Opponents of state legislation that would make it a felony to harm others during permitted protests lack a clear understanding of the first amendment to the U.S. Constitution. It guarantees that “Congress shall make no law … abridging … the right of the people peaceably to assemble …”

Exactly what part of that right do those objecting to state legislation that would explicitly outlaw violence against others fail to understand?

The original Senate bill designating protests that evolve into physical attacks against others — others often being innocent victims who just happen to be in the wrong place at the wrong time — unlawful in this state lacked the support to warrant a committee vote. It prohibited the commission of other acts of mayhem as well, including blocking street traffic or torching buildings, during any legally precleared demonstration.

Its sponsors have revived the measure on the back of a House bill that successfully crossed over to the Senate.

Law-abiding citizens are that committed to its passage. Georgians in all 159 counties witnessed the nonsense and brutality that occurred in Atlanta during the height of anti-police protests last year. Firebombs flew, bystanders were injured, and property was destroyed.

Worst of all, 8-year-old Secoriea Turner was shot and killed as her mother was forced to drive around illegally placed barriers almost three weeks after the riots started. None of that constitutes or comes anywhere near any legitimate definition of a peaceful assembly.

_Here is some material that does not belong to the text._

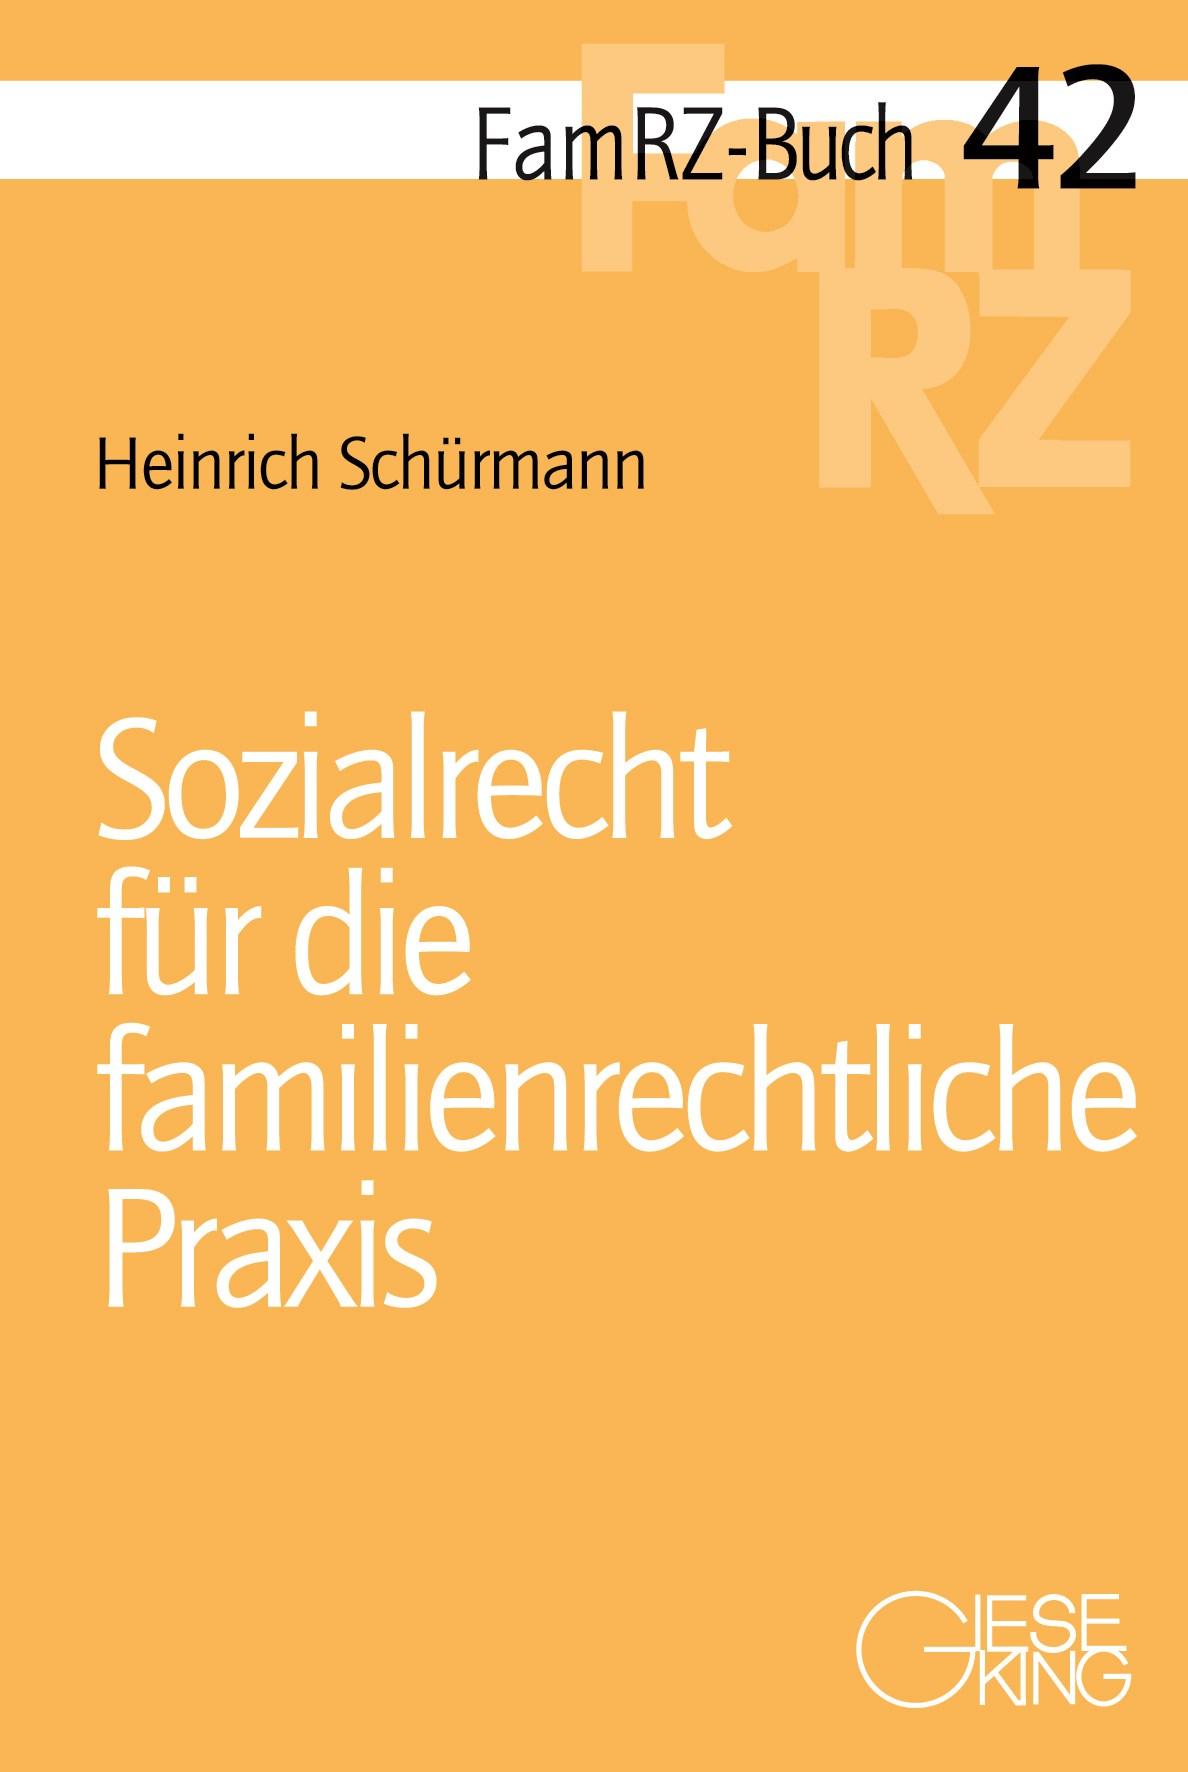 Sozialrecht für die familienrechtliche Praxis Heinrich Schürmann 9783769411652

Most everyone supports peaceful protests. In 2020, protesters in Brunswick managed to get their message across without disrupting or harming lives. Their strength and conviction were reflected well in their sheer numbers.

Georgia Sen. Randy Robertson, a Cataula Republican, feels all protests should be conducted in the proper light of the U.S. Constitution. His Senate Bill 171 would have written the requirement into state law, but the measure lost wind in the Senate Judiciary Committee for lack of a vote.

A few nameless committee members refused to show their hand and for good reason. No one in their myopic political mind would want constituents at home to know they honestly consider the destruction of lives and property valid under the protection of the “peaceably assemble” clause of the U.S. Constitution.

State Senate and House members have an opportunity to extend real constitutional protections to innocent people by supporting and voting for this legislation.